-- -- QUIZ FOR PEOPLE WHO KNOW EVERYTHING
-- This is a quiz for people who know everything! I found out in a hurry that I didn't. These are not trick questions. They are straight questions with straight answers.
>> 1. Name the one sport in which neither the spectators nor the participants know the score or the leader until the contest ends.
>> 2. What famous North American landmark is constantly moving backward?
>> 3. Of all vegetables, only two can live to produce on their own for several growing seasons. All other vegetables must be replanted every year. What are the only two perennial vegetables?
>> 4. What fruit has its seeds on the outside?
>> 5. In many liquor stores, you can buy pear brandy, with a real pear inside the bottle. The pear is whole and ripe, and the bottle is genuine; it hasn't been cut in any way. How did the pear get inside the bottle?
>> 6. Only three words in standard English begin with the letters 'dw' and they are all common words. Name two of them.
>> 7. There are 14 punctuation marks in English grammar. Can you name at least half of them?
>> 8. Name the only vegetable or fruit that is never sold frozen, canned, processed, cooked, or in any other form except fresh.

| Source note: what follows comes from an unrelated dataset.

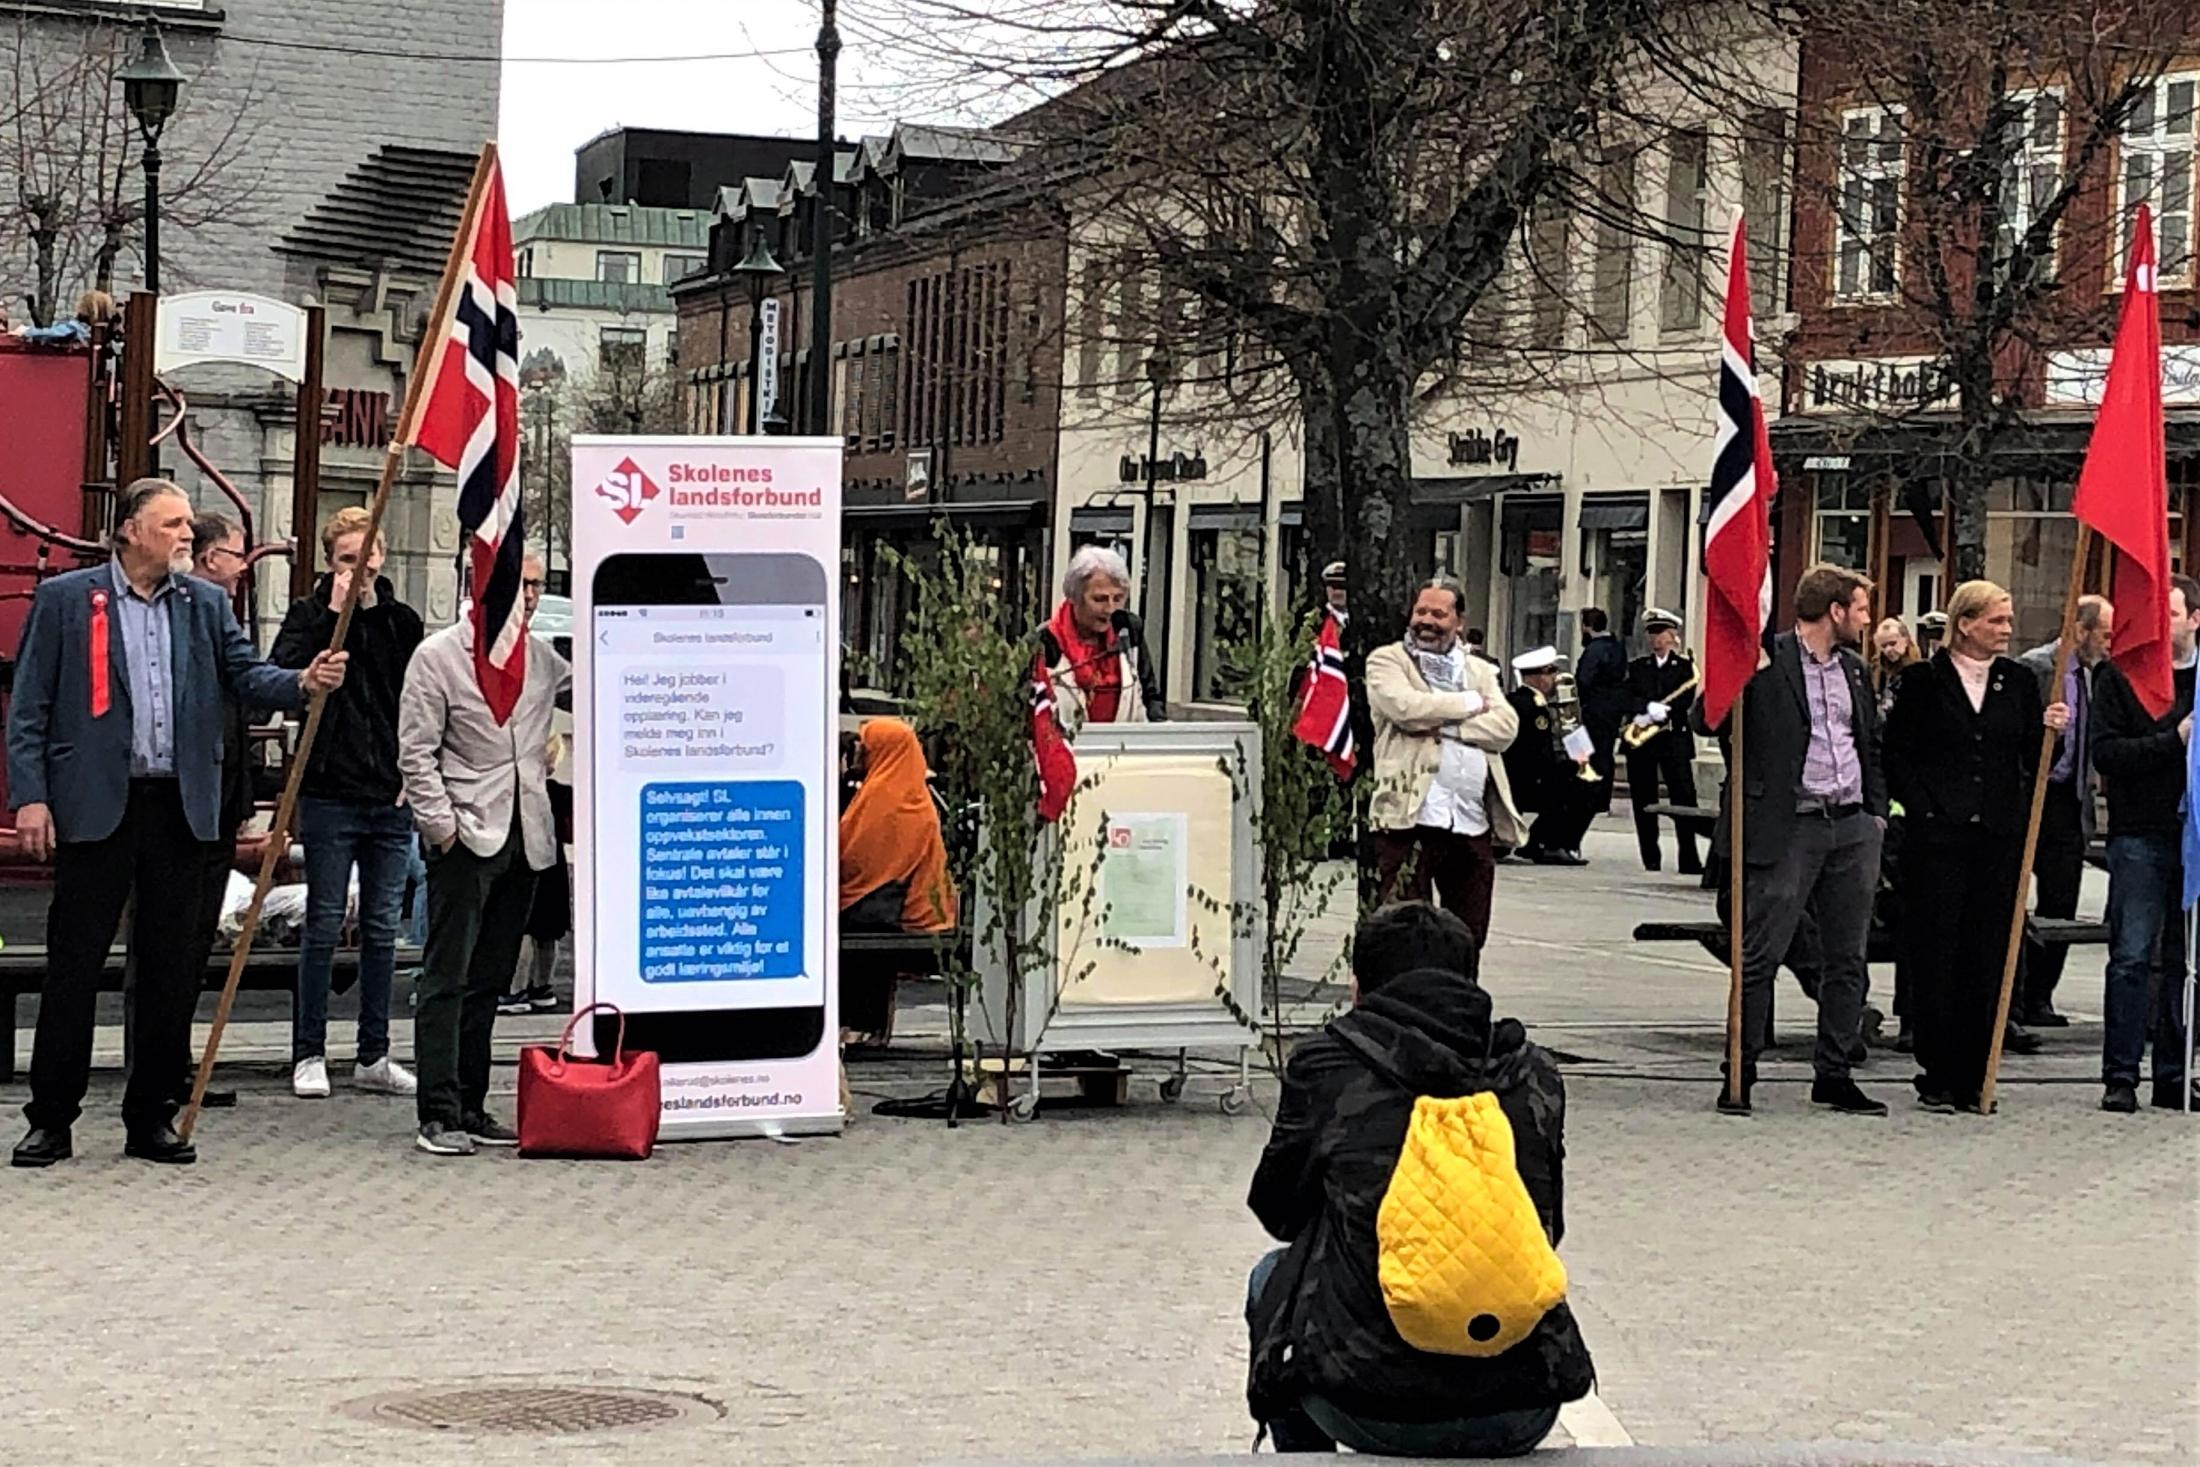 Forbundsleder Anne Finborud har hovedtaler i Hønefoss 1. mai. (Foto: Ståle Skjønhaug)
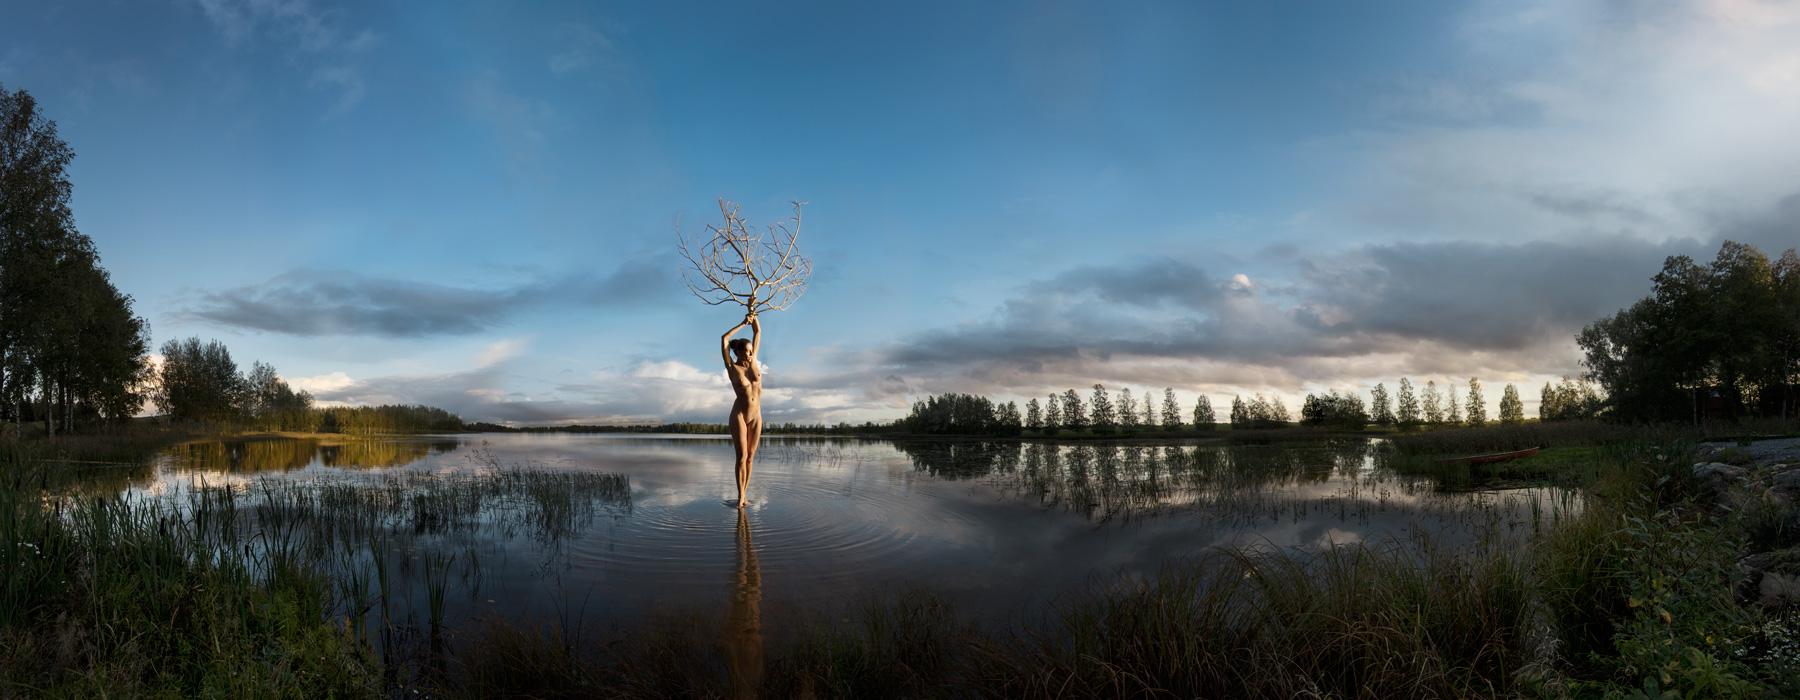 KÄÄNNA JUURI XII. Fotografía y retoque digital. Lago Heinijarvi, Hämeenkyrö, Finlandia

>> 9. Name 6 or more things that you can wear on your feet beginning with the letter 'S'.
>> Answers To Quiz:
>> 1. The one sport in which neither the spectators nor the participants know the score or the leader until the contest ends . . . Boxing.
>> 2. North American landmark constantly moving backward . . . Niagara Falls. (The rim is worn down about two and a half feet each year because of the millions of gallons of water that rush over it every minute.)
>> 3. Only two vegetables that can live to produce on their own for several growing seasons . . . Asparagus and rhubarb.
>> 4. The fruit with its seeds on the outside . . . Strawberry
>> 5. How did the pear get inside the brandy bottle? . . . It grew inside the bottle. (The bottles are placed over pear buds when they are small, and are wired in place on the tree. The bottle is left in place for the entire growing season. When the pears are ripe, they are snipped off at the stems.)
>> 6. Three English words beginning with dw . . . Dwarf, dwell and dwindle.
>> 7. Fourteen punctuation marks in English grammar . . . Period, comma, colon, semicolon, dash, hyphen, apostrophe, question mark, exclamation point, quotation marks, brackets, parenthesis, braces, and ellipses.
>> 8. The only vegetable or fruit never sold frozen, canned, processed, cooked, or in any other form but fresh . . . Lettuce.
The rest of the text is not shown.